Comparison Atmosfera SPK F4M vs Atmosfera SPK F2M

The total area of the absorbing surface of the collector. For kits with multiple collectors (see "Number of collectors"), the area for one device is indicated.

Note that the meaning of this parameter depends on the type of collector (see the relevant paragraph). In flat devices, we are talking about the working area — the size of the surface that is exposed to sunlight. In tubular models (vacuum, thermosiphon), where tubes play the role of an absorber, the total surface area of the tubes is taken into account — including that which is “in the shade” during operation and is not heated by the sun. Special reflectors can be used to overcome this problem.

All of the above means that only collectors of the same type and similar design can be compared with each other in terms of absorber area. If we talk about such a comparison, then a large area, on the one hand, provides greater efficiency and heating speed, and, on the other hand, it accordingly affects the dimensions of the device and the amount of space required for its installation. Thus, the total area of a flat collector approximately corresponds to the area of the working surface; it is slightly larger, but this difference is small. But in tubular models, there is a paradox when the total area is less than the absorber area.

Collector efficiency.

Initially, the term "efficiency" refers to a characteristic that describes the overall efficiency of the device — in other words, this coefficient indicates how much of the energy supplied to the device (in this case, solar) goes to useful work (in this case, heating the medium).

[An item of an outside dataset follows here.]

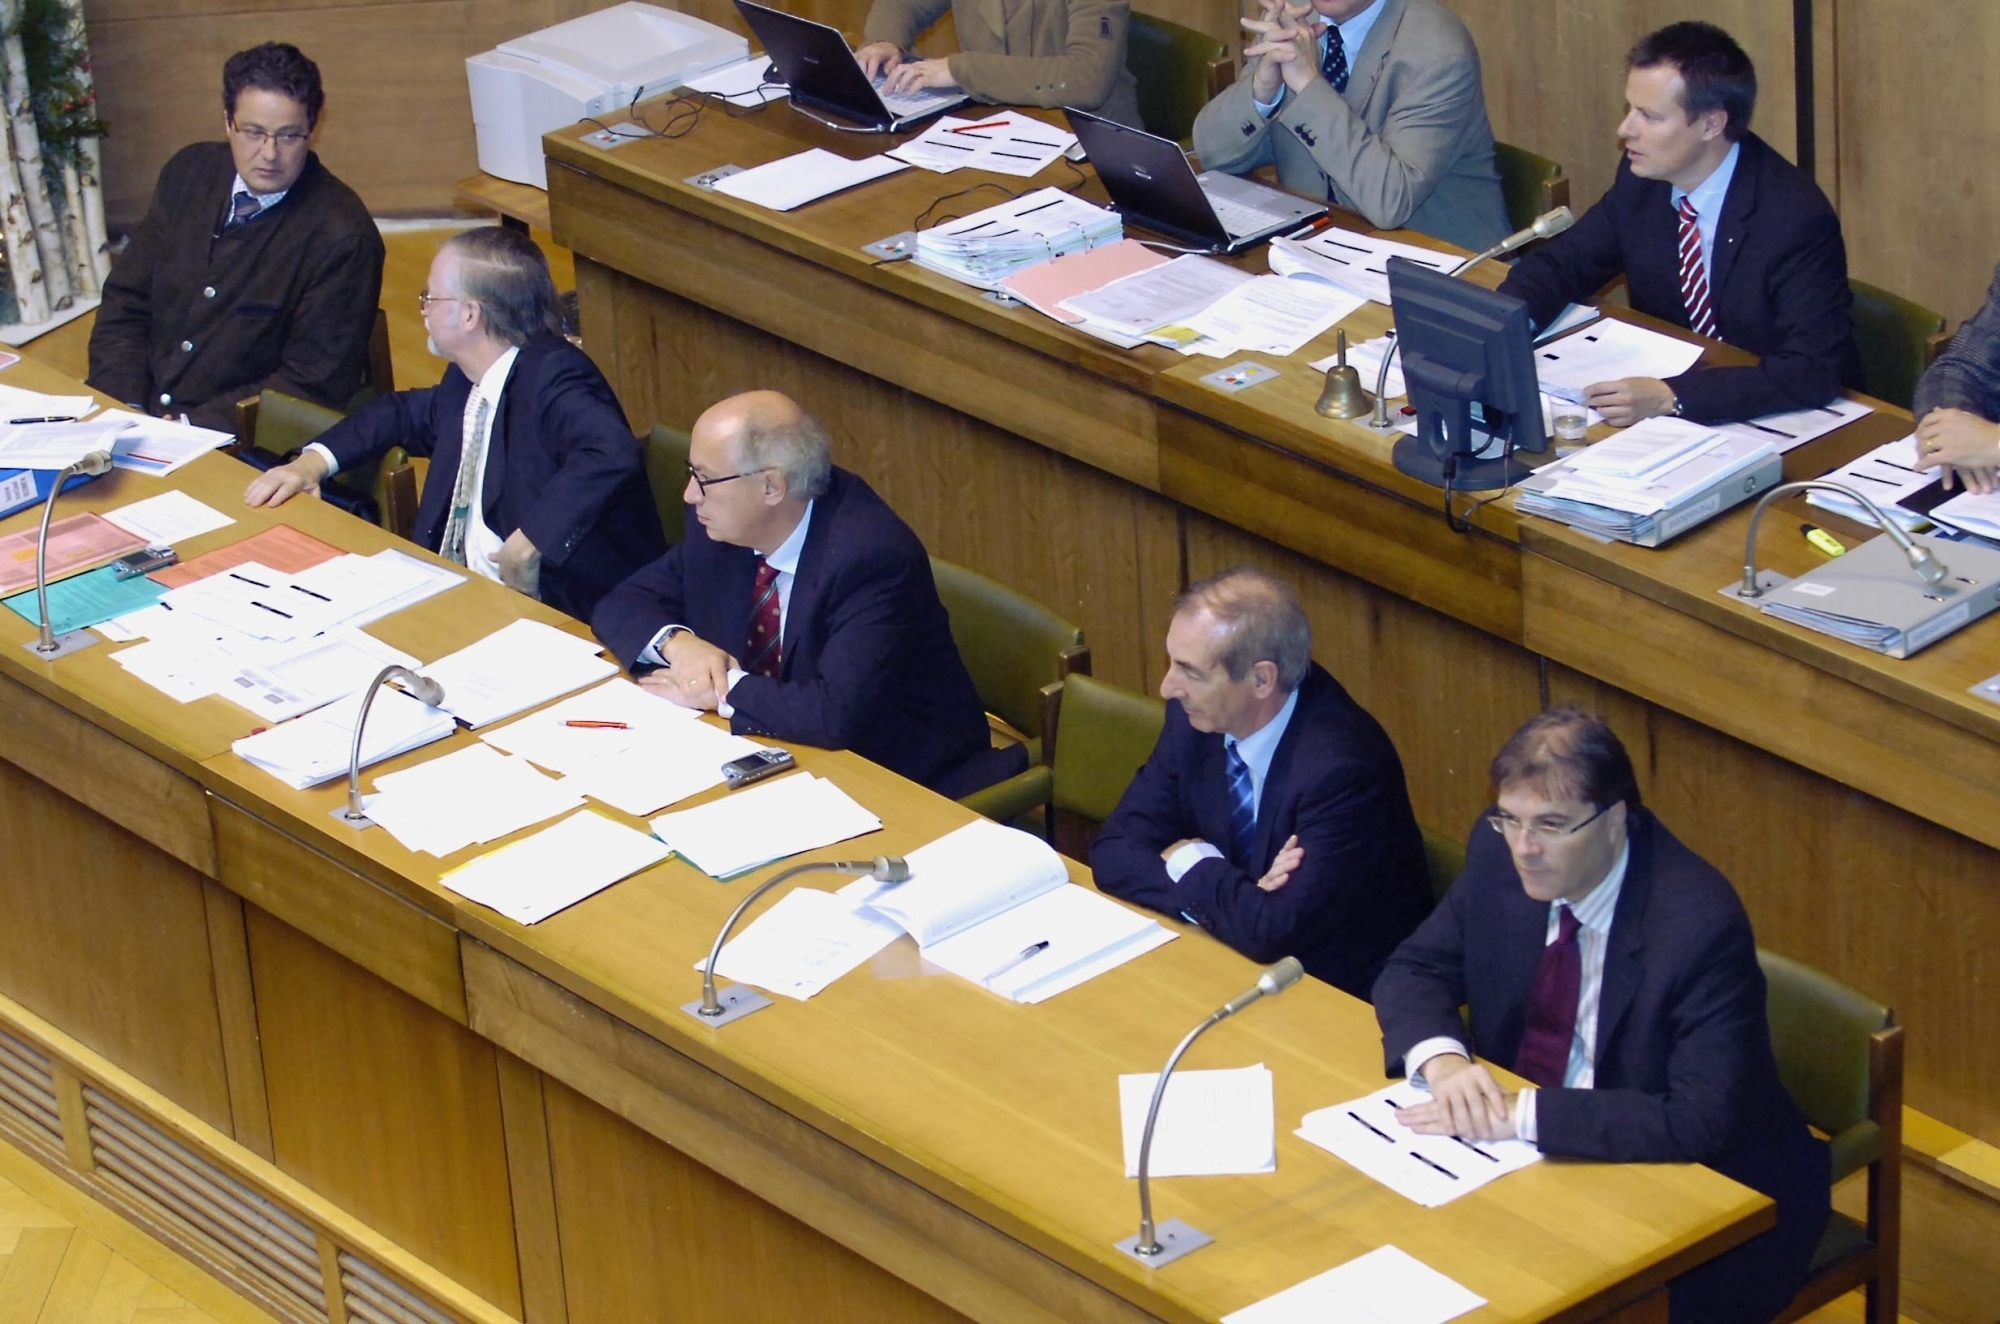 A l'image de 2005, le Conseil d'Etat sera-t-il composé de cinq hommes?

However, in the case of solar collectors, the actual efficiency depends not only on the properties of the device itself but also on environmental conditions and some features of operation. Therefore, the specs usually indicate the maximum value of this parameter — the so-called optical efficiency, or "efficiency at zero heat loss." It is denoted by the symbol η₀ and depends solely on the properties of the device itself — namely, the absorption coefficient α, the glass transparency coefficient t and the efficiency of heat transfer from the absorber to the coolant Fr. In turn, the real efficiency (η) is calculated for each specific situation using a special formula that takes into account the temperature difference inside and outside the collector, the density of solar radiation entering the device, as well as special heat loss coefficients k1 and k2. Anyway, this indicator will be lower than the maximum — at least because the temperatures inside and outside the device will inevitably be different (and the higher this difference, the higher the heat loss).

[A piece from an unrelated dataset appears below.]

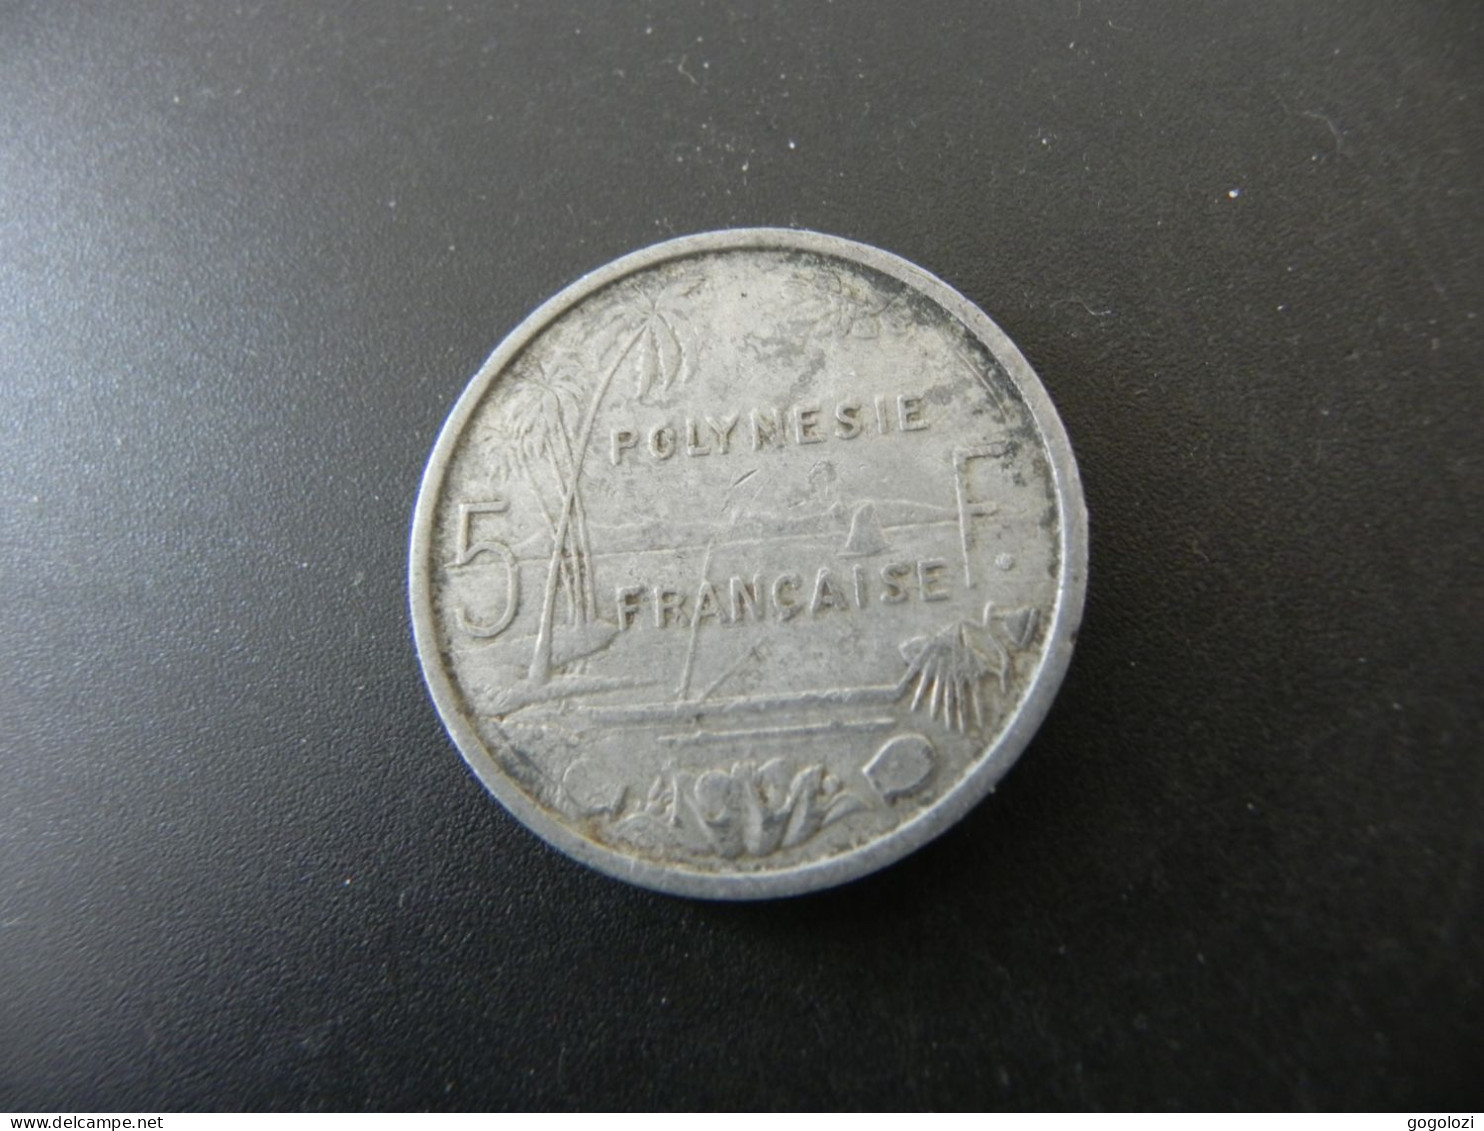 Polynesie Française 5 Francs 1965 - French Polynesia

Nevertheless, it is most convenient to evaluate the specs of a solar collector and compare it with oth...er models precisely by the maximum efficiency: under the same practical conditions (and with the same values of the coefficients k1 and k2), a device with a higher efficiency will be more efficient than a device with a lower one. .

In general, higher efficiency values allow to achieve the corresponding efficiency, while the collector area can be relatively small (which, accordingly, also has a positive effect on dimensions and price). This parameter is especially important if the device is planned to be used in the cold season, in an area with a relatively small amount of sunlight, or if there is not much space for the collector and it is impossible to use a large-area device. On the other hand, to increase efficiency, specific design solutions are required — and they just complicate and increase the cost of the design. Therefore, when choosing according to this indicator, it is worth considering the features of the use of the collector. For example, if the device is bought for a summer residence in the southern region, where it is planned to visit only in summer, relatively little water is required and there are no problems with sunny weather — you can not pay much attention to efficiency.

The heat loss coefficient k1 to which the collector corresponds.

This indicator is purely reference: along with the coefficient k2, it is used to calculate the actual efficiency of the device in a particular situation (for more details, see "Efficiency"). However, a lower k1 gives less heat loss and higher real efficiency.

The heat loss coefficient k2 to which the collector corresponds.

This indicator is purely reference: along with the coefficient k1, it is used to calculate the actual efficiency of the device in a particular situation (for more details, see "Efficiency"). However, a lower k2 gives less heat loss and higher real efficiency.